Maybe you’ve heard that Valdez got a lot of snow recently. In December and early January, nearly 250” of snow fell. It really piled up around town, turning the city streets and driveways into tunnels with walls six feet high. The snow didn’t just accumulate on the ground, of course, it also amassed on the rooftops of buildings. The structural supports of sheds, houses, office complexes, schools, and public buildings strained under the weight heaped upon them by the storms. And, unfortunately, some broke under the pressure – including the gym where I like to take my morning workouts.
Last week, the gym’s staff made the sad announcement that the facility would be closed until the structural problems could be repaired– possibly up to two months. Without the treadmill, I had to come up with a Plan B for training. I’d have to run outdoors.

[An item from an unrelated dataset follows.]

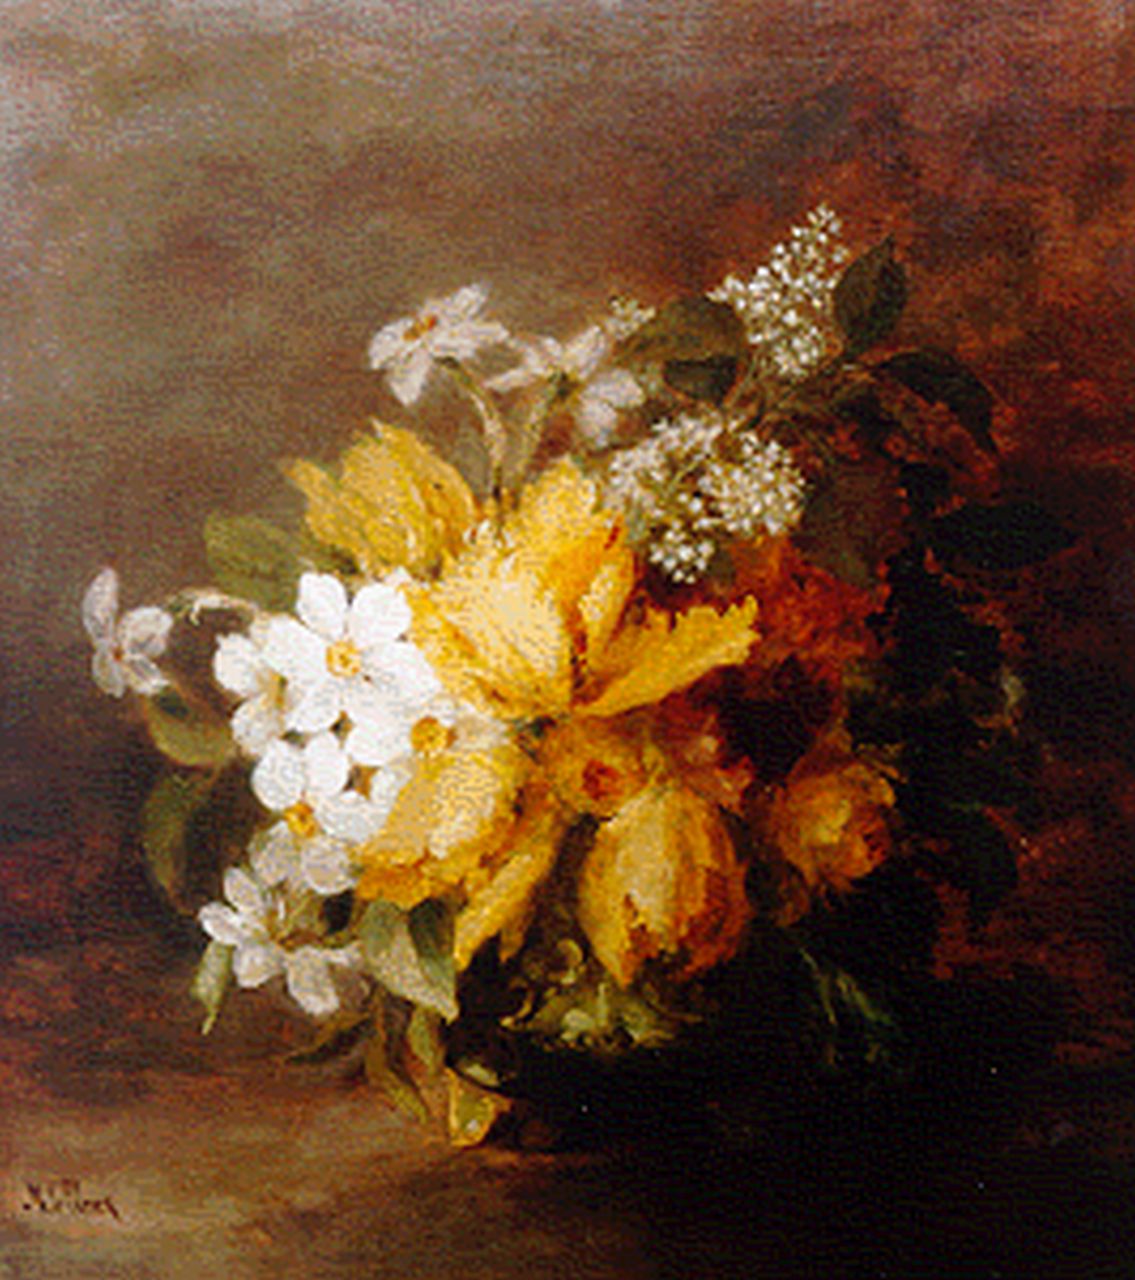 Clerq M.C. de | Marguérite Carolina de Clerq, Stilleven met bloemen in een vaas, olieverf op doek 58,5 x 52,5 cm, gesigneerd linksonder

|Five pounds of gear needed to run safely and comfortably|
outdoors in current Valdez conditions
The first day after the gym’s closure, the snow spigot finally turned off and steady winds turned the streets and sidewalks into a polished, city-wide ice rink. Nonetheless, I was determined, so I set out at 5:45 a.m. on the mean streets of Valdez, layered up in five pounds of clothing, cleats, headlamp, and reflectors. I had to be on my toes – alert to traffic hazards as early shift workers started backing out of their tunneled driveways, not expecting to see a runner bobbing down the sidewalk on a dark zero-degree morning. After a few close calls, I decided I needed a better route if I was going to replace my treadmill workouts with road running.
The next morning, I drove over to the Mineral Creek cross-country ski trails, which wind up rolling hills to a bench where they then circle around a broad meadow. I pulled on my cleats, turned my headlamp on high beam, tucked my fleece gator under my ears and nose, and zipped up my three top layers. It was freezing, but the air was calm, so I set out for my run. I found the trail hard as concrete, and the ¼” spikes on my shoes hardly indented the surface, yet the traction was far better than the ice-glazed sidewalks of town.

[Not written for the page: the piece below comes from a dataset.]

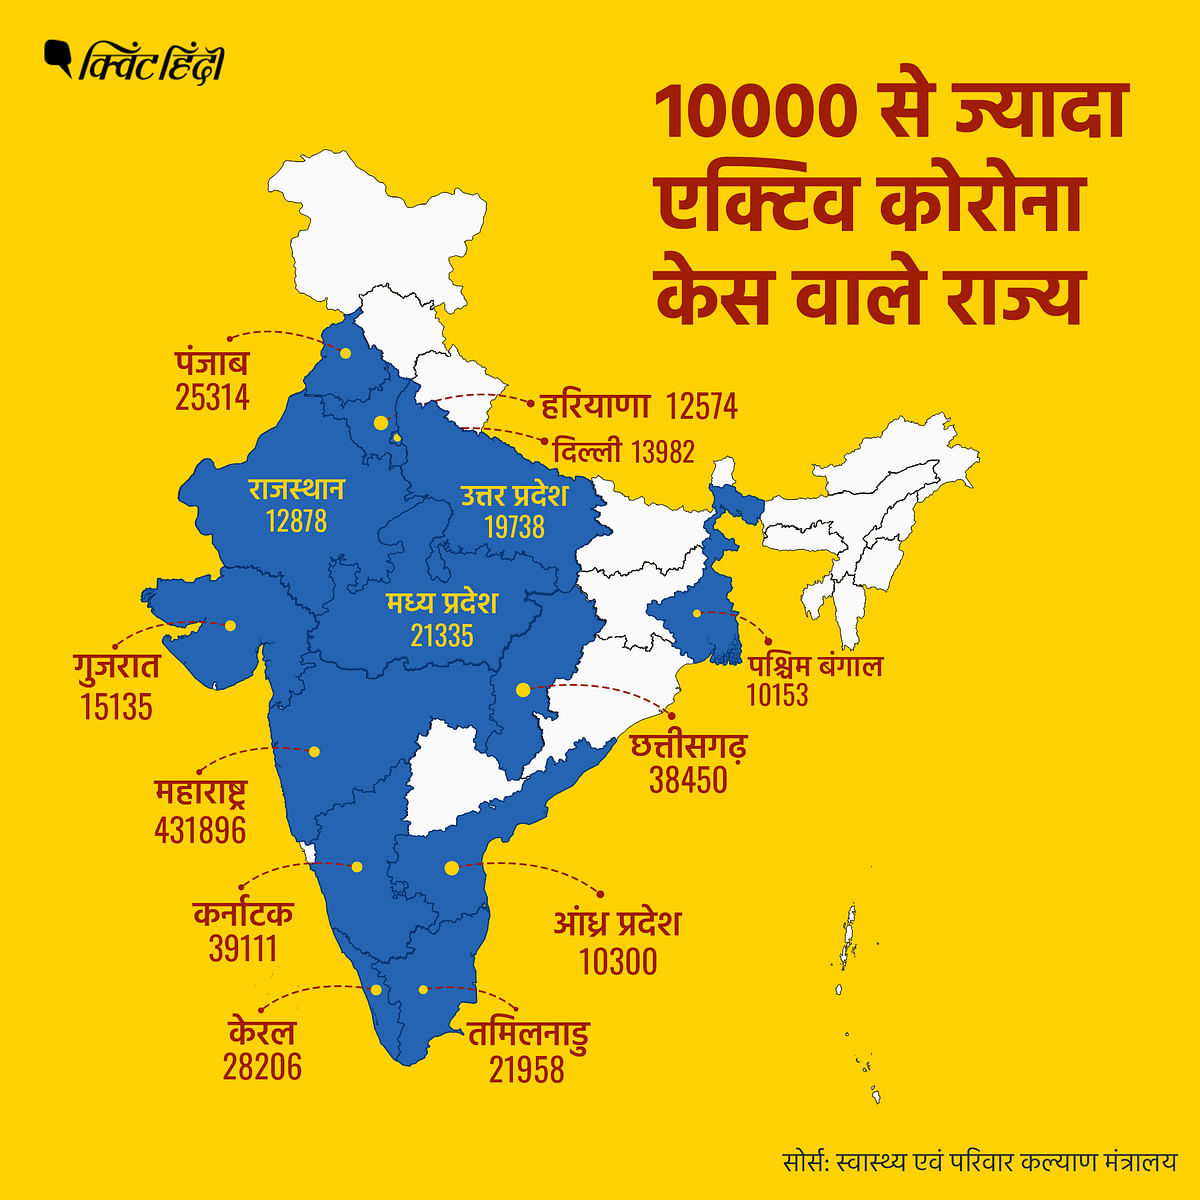 भारत में कोरोना के कुल मामलों की संख्या सवा करोड़ से ज्यादा हो चुकी है.

|Cleats like these help keep a runner on their feet even on severe ice.|
Within fifteen minutes, I was running across the dark snow-encumbered meadow, my headlamp lighting the trail ahead. Ursa Major tipped down at me from the clear sky and Cassiopeia’s “W” formation hung over the head of the v-shaped Mineral Creek canyon. The 4,000’ high mountain walls that surround the meadow glowed with moonlight. Not bad. Even though my speed training is going to suffer while the gym’s roof and walls are getting repaired, the views up there in the valley, even through my fogged up glasses, beat the view I get from the treadmill.